A pair of small needle nosed pliers let me take a link off the end of 10LPI chain.










Using the pliers I was able to rework the link into a hook shape.










Pushing the hook into the soft basswood post and I was set.










I took a smaller link chain, one I had picked up at a garage sale, painted the silver chain with dark burnt umber acrylic paint and strung the chain between two of the posts.
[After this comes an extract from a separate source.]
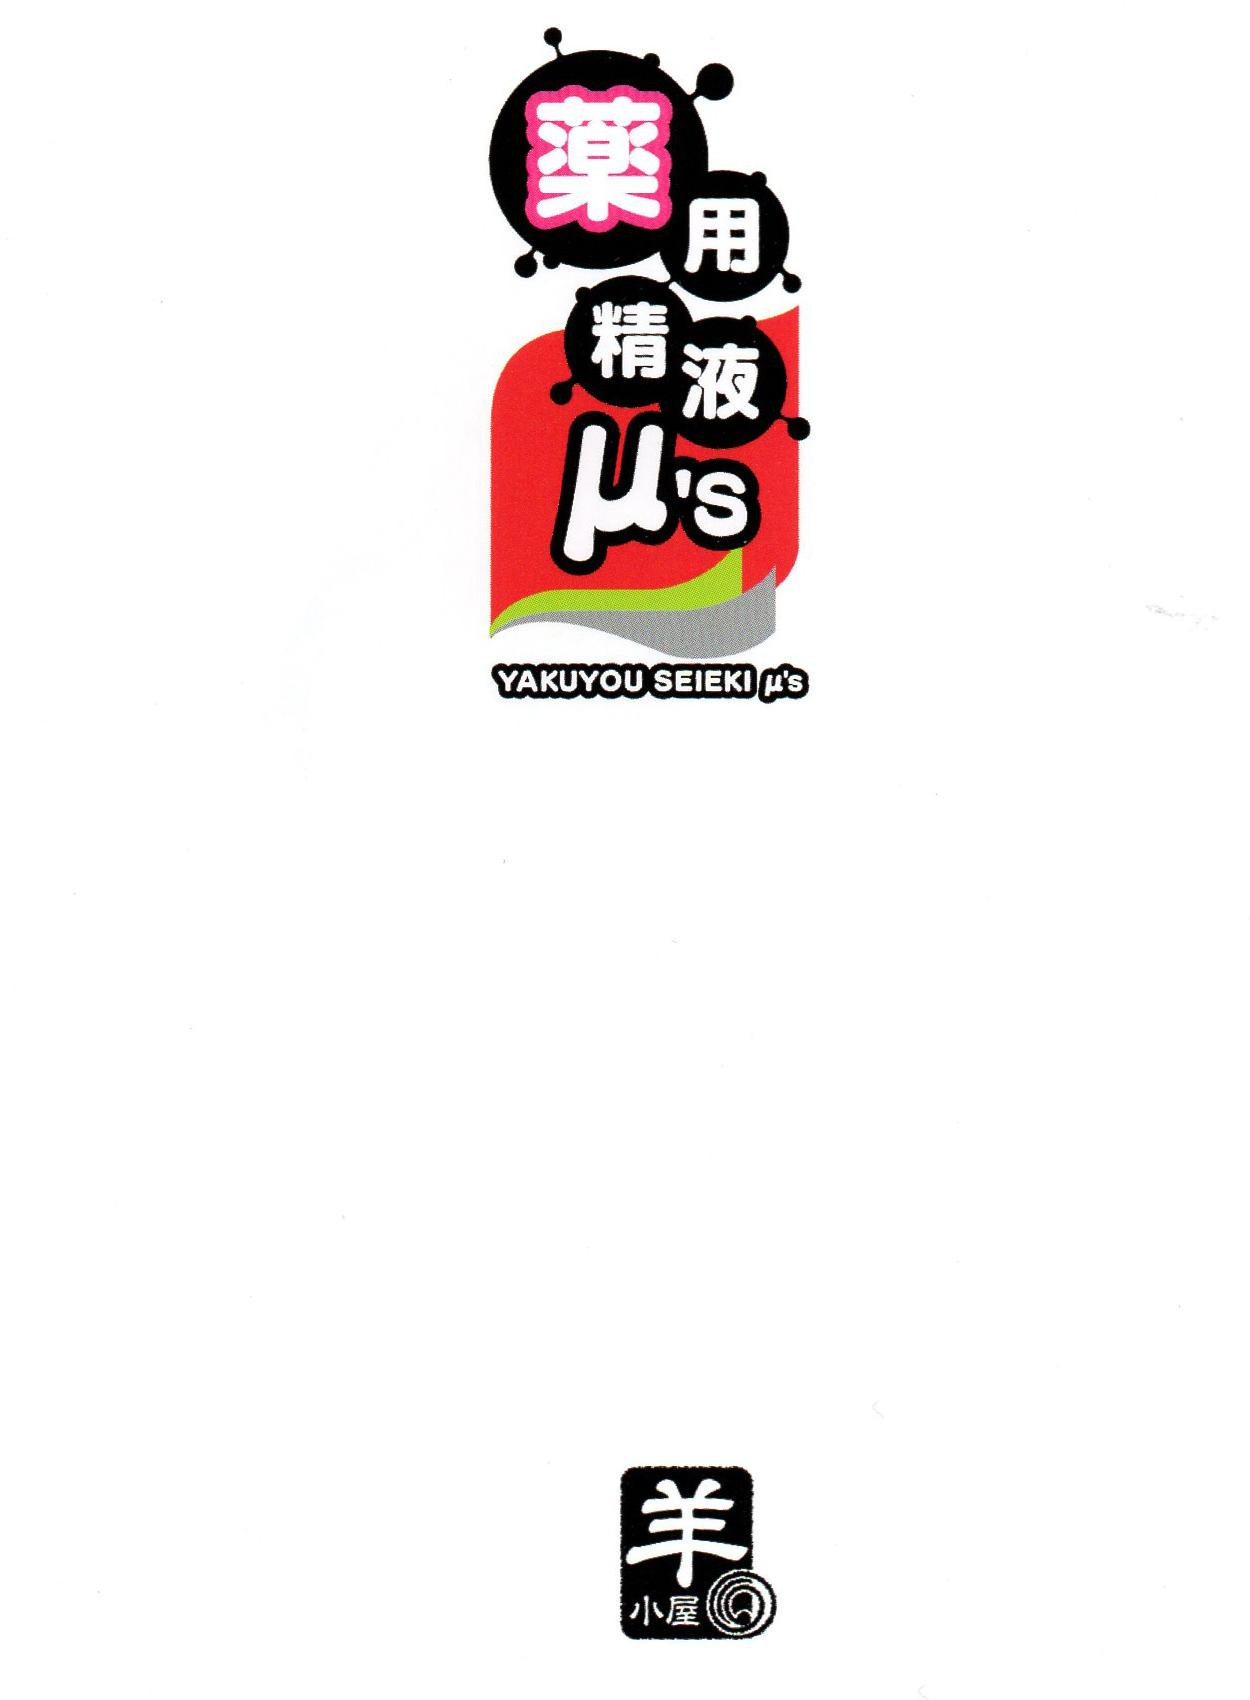 Yakuyou Seieki μ's 21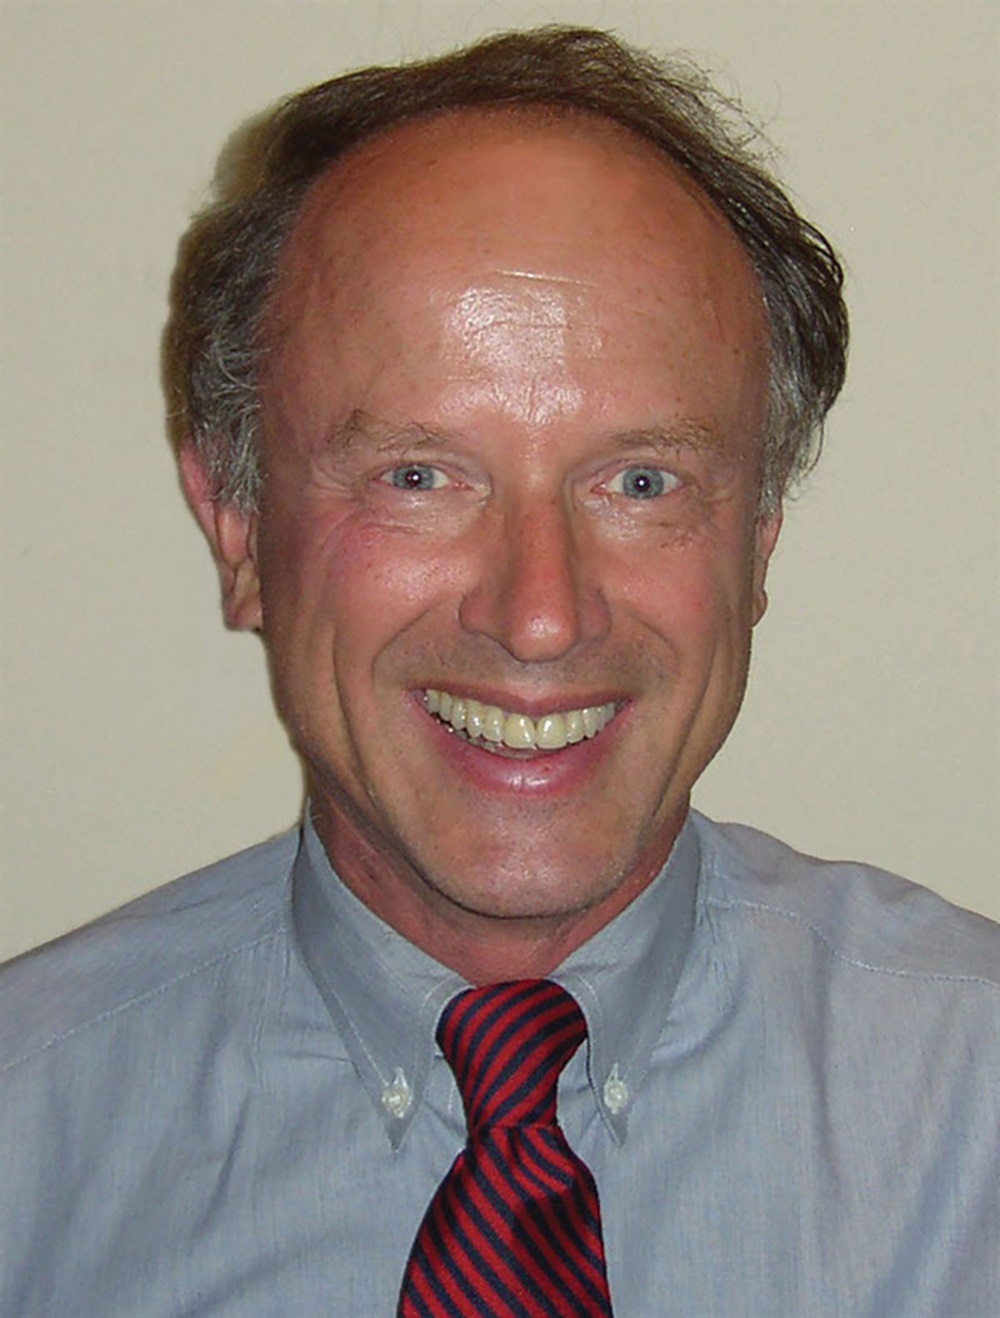 Dr. Joe Whitehouse

The finished product. As always, comments and/or questions are welcome.

Best,
TJ


----------



## Dave Meashey (Jan 2, 2008)

TJ; 

Great idea. Thanks for sharing. Alas, now that both of my daughters have grown up (the "baby" is now 35), my source for fine chain has dried up somewhat. Back in the day they were always getting their costume jewelry chains tangled. Sometimes I could untangle the chain. Sometimes the chain had to be "donated" for train projects. 

Best, 
David Meashey


----------



## tj-lee (Jan 2, 2008)

David, 

Thanks for the comment. My wife and I often go garage sale hunting and I look for the cheap costume jewelery for appropriate sized chains. It's hit or (more often) miss. 

I've used the "chain link as hook" for a number of things and it has worked out very well. 

Best, 
TJ


----------



## Mik (Jan 2, 2008)

I was thinking this









But your project would probably be an easier place to start









I usually just buy a couple 5 foot pieces of blackened chain from Ozark when I'm ordering stuff for other projects


----------



## tj-lee (Jan 2, 2008)

Mik, 

> But your project would probably be an easier place to start 

I'm all about "easier". 

Best, 
TJ


----------



## Dale W (Jan 5, 2008)

Mic, 
Love that crawler, is it an Ertl? What scale is it? Makes a very nice flatcar load. 

Dale


----------



## jimtyp (Jan 2, 2008)

TJ, thanks for the tip on the hook, great idea.


----------



## tj-lee (Jan 2, 2008)

Jim, 

> thanks for the tip on the hook, great idea. 

Thank you for the feedback. 

Best, 
TJ


----------



## Mik (Jan 2, 2008)

Dale, it's Spec Cast, and 1/25... They go on sale from time to time. - otherwise they're in the 'ouch' range.


----------